People’s attitudes towards wolves are rapidly becoming more favourable,
even if there are still a lot of myths and misunderstandings, which need
to be removed. Most of the opposition to wolves is to be found among old
people. A public opinion poll in 1997-98 showed that 46 % out of 2,000
persons questioned want to have more than 500 wolves in Sweden. 56 % were
positive to having wolves near their homes.

Most difficult to solve is the conflict with the reindeer-herding Lapps
who, for natural reasons, find it hard to accept wolves, at least without
adequate compensation. Reindeer are kept in a semi-wild condition and left
almost completely unattended most of the year. Therefore they are often
relatively easy prey for wolves.

Many hunters are relatively positive towards wolves but very concerned
about their dogs.
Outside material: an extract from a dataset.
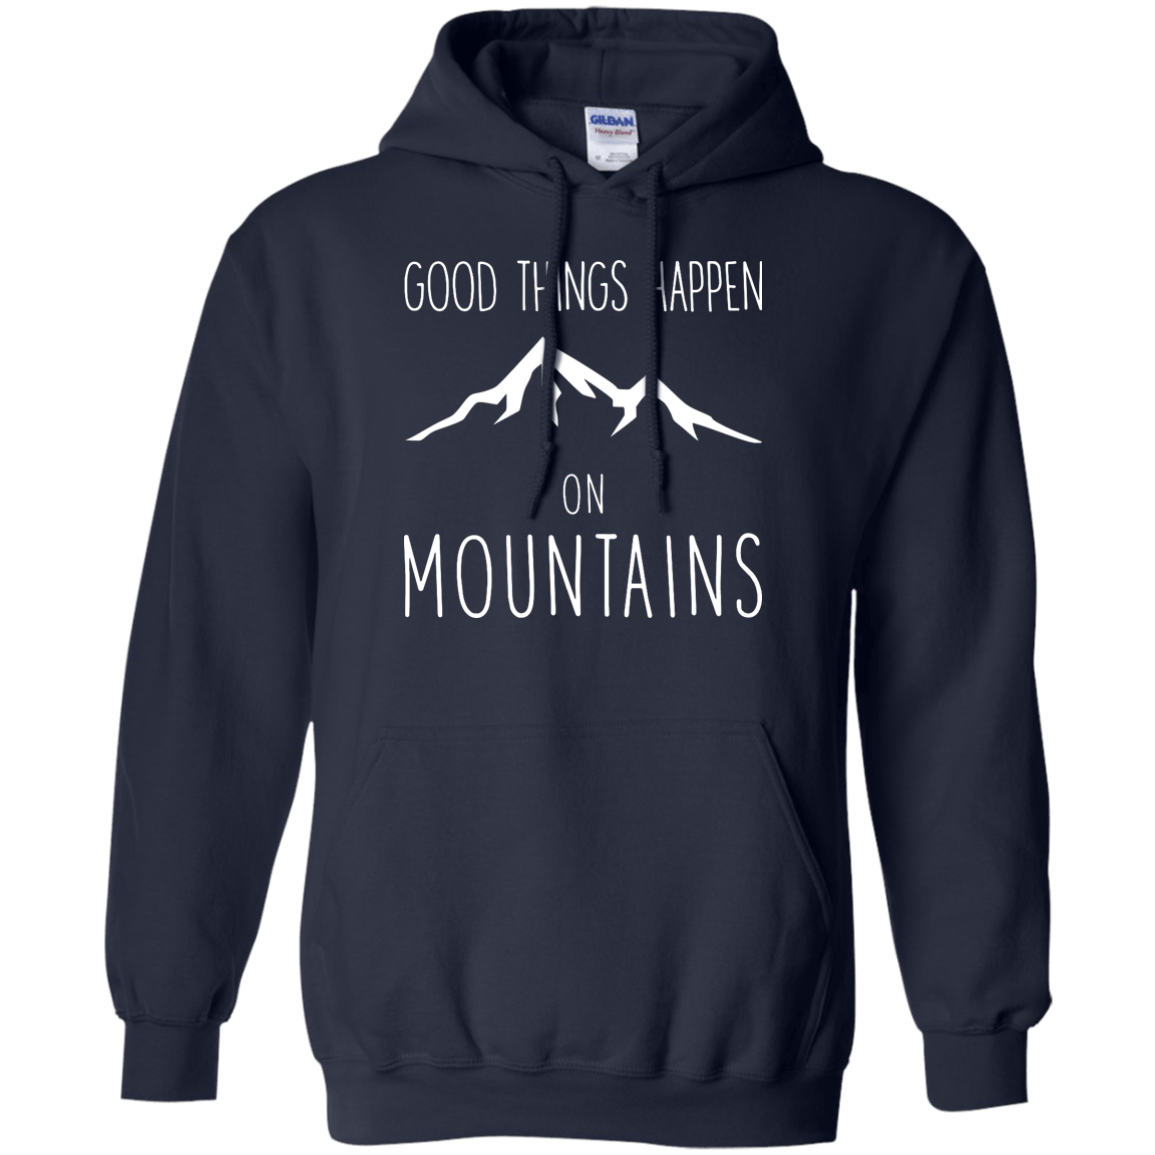 Good Things Happen On The Mountains Hoodies - Powderaddicts

Hunters have had a number of dogs killed and wounded by
wolves in the last ten years. This is rapidly becoming a problem.

In all Sweden hunting is very important to many people, mainly as a source
of recreation. In the northern half of the country it is so important that
a great deal of normal industrial and business activity comes to a
standstill during the moose season in the autumn.

The future for the Swedish wolf population looks bright, apart from the
risk of inbreeding depression. All Swedish wolves may be descendants of
the pair that appeared in Värmland in 1982. Immigration from Russia via
Finland is therefore absolutely necessary.